Crowdsource Design. Several papers point to the importance of properly designing the interface of crowdsource annotation tools and providing the proper context [32, 33]. The design choices directly link to the crowdsourced annotation quality, and prior work suggests keeping tasks simple and clear [34]. Our work defines a measure of performance for the MTurk interface design—the average accuracy of workers—and uses it to optimize the interface design by ablating over several features and procedures.

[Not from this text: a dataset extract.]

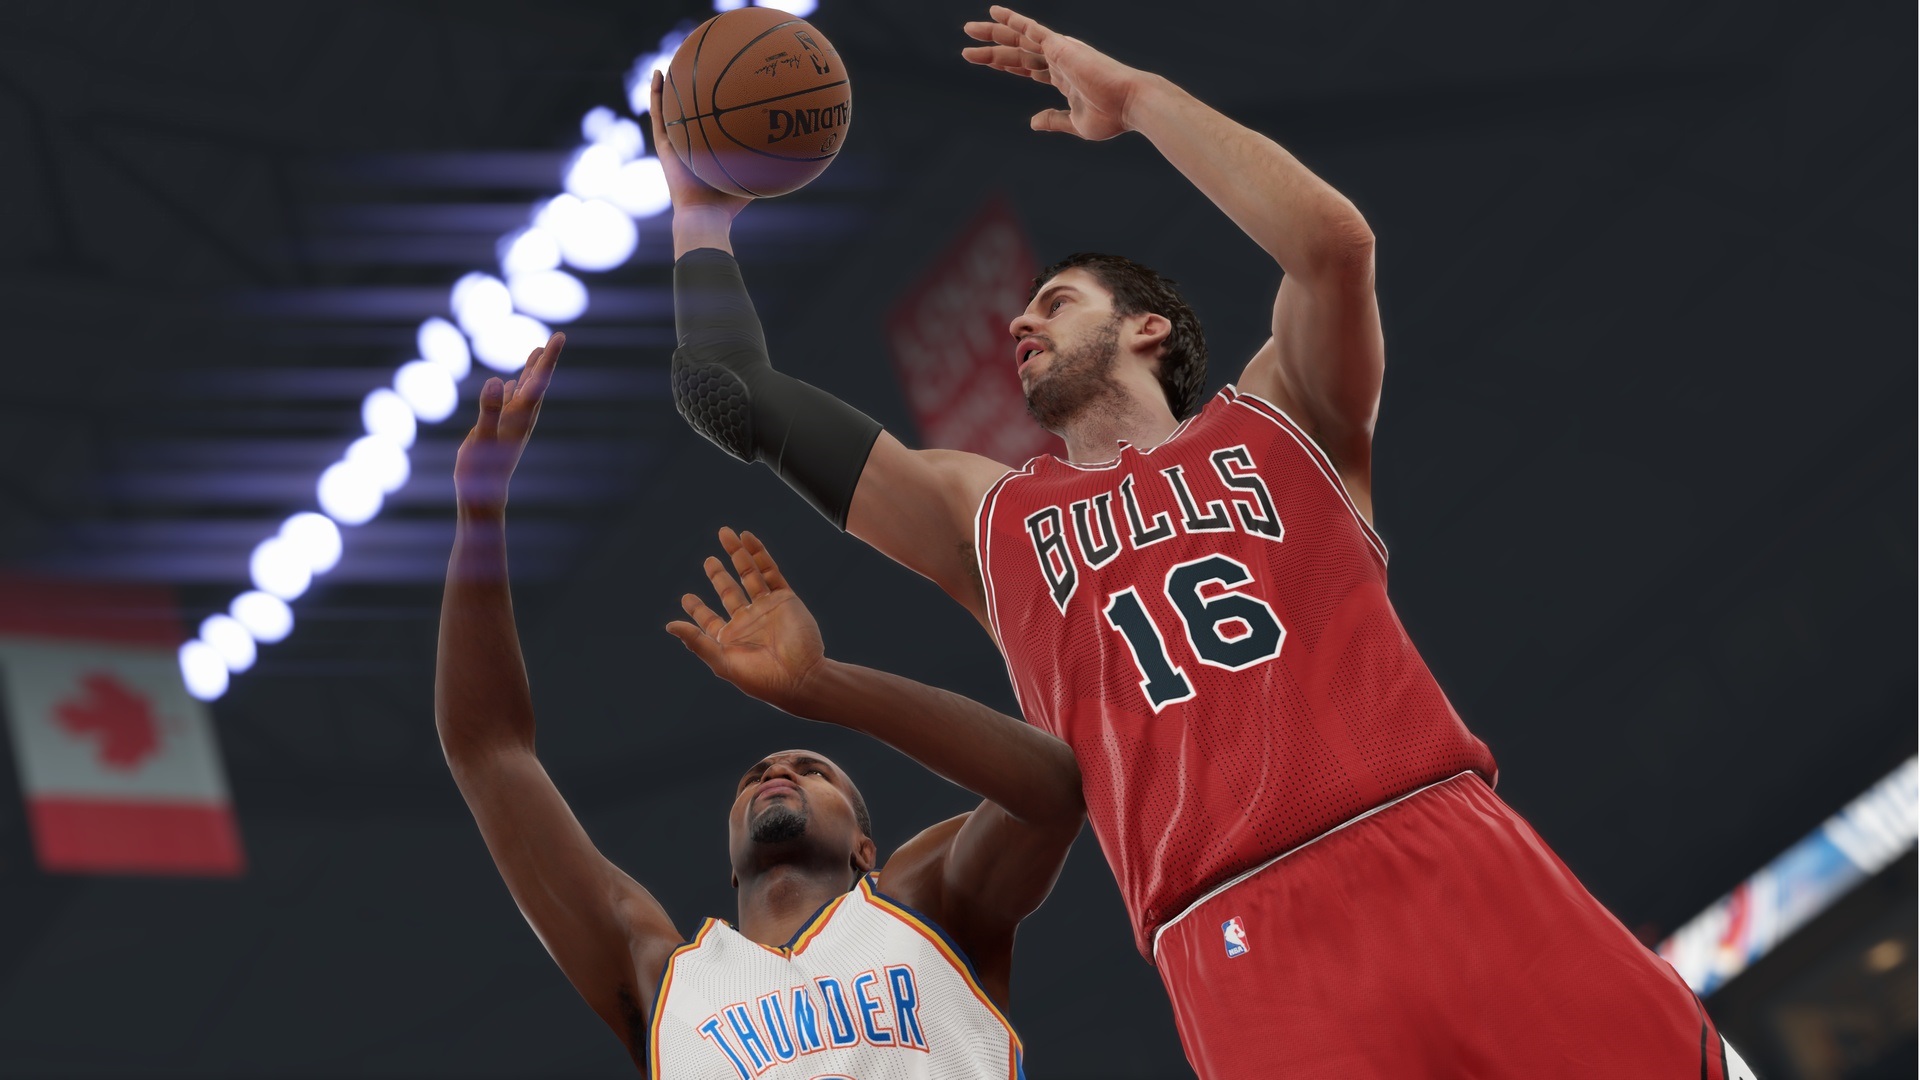 New Nba 2k15 1080p Ps4 Screenshots Released Shows Highly Detailed

Crowdsourcing platforms, such as Amazon Mechanical Turk (MTurk), allow large pools of human workers to complete tasks that computers cannot do. The research community uses them for labeling tasks (say, identifying objects in pictures) and psychometric studies. They are significantly cheaper, quicker, and induce a more diverse participant pool than traditional surveys [35]. MTurk provides a programmatic interface to serve tasks and process worker responses, making it amenable to active learning setups [36]—i.e., construct the next task based on previous answers. Additionally, researchers have meticulous control of the worker interface and can filter workers by their characteristics.

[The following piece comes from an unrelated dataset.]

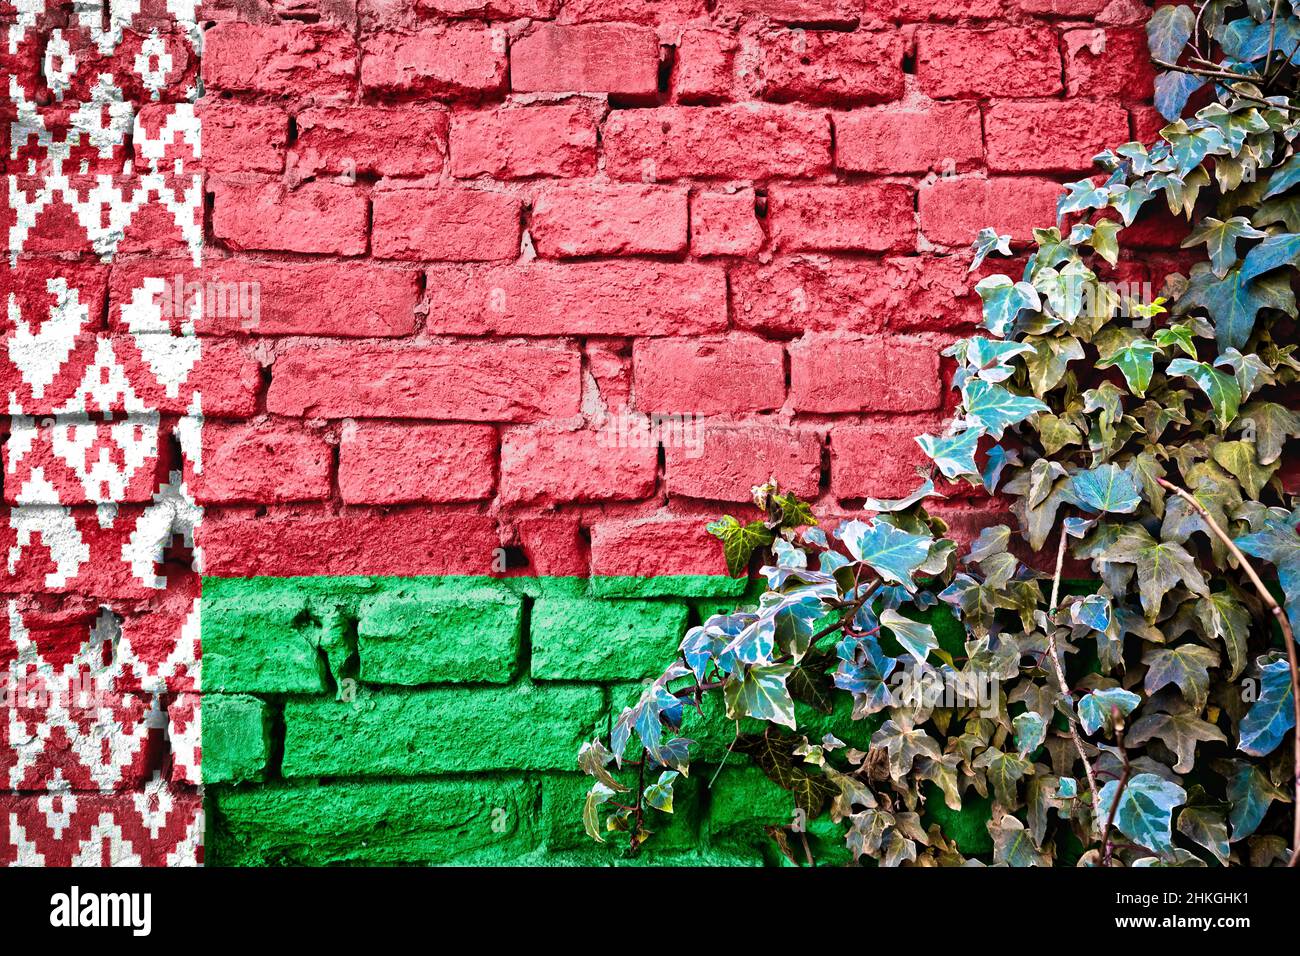 Belarus grunge flag on brick wall with ivy plant, country symbol concept Stock Photo

Pairwise comparisons. There are two main psychometric approaches to measurement. The first approach asks people to rate items according to the measured trait (e.g., using a likert scale [37]). However, this direct ranking has scale calibration issues when performed by non-experts [38]. The second approach is the pairwise comparison, which features several advantages; it leads to lower measurement errors than the direct ranking of a set of targets [39]. It induces a quicker and more straightforward experimental task [40], suitable for non-experts in crowdsourcing setups [41] and is amenable to the active learning paradigm [36], which reduces the number of comparisons required for high measurement fidelity. Particularly in noisy and uncertain setups, pairwise comparisons outperform rating scales [42]. Methods for recovering a scoring from pairwise comparisons, such as Bradley-Terry and Thurstonian models, have a strong precedence in psychometric analysis [43, 44].

2.2 Pairwise decisions and ranking

The Pairwise Comparison Matrix (PCM) \(M\in \mathbb{R}^{n \times n}\) represents the outcome of n items being compared where \(M[i,j]\) is the number of times item i is favoured to item j—denoted hereafter as \(j \prec i\).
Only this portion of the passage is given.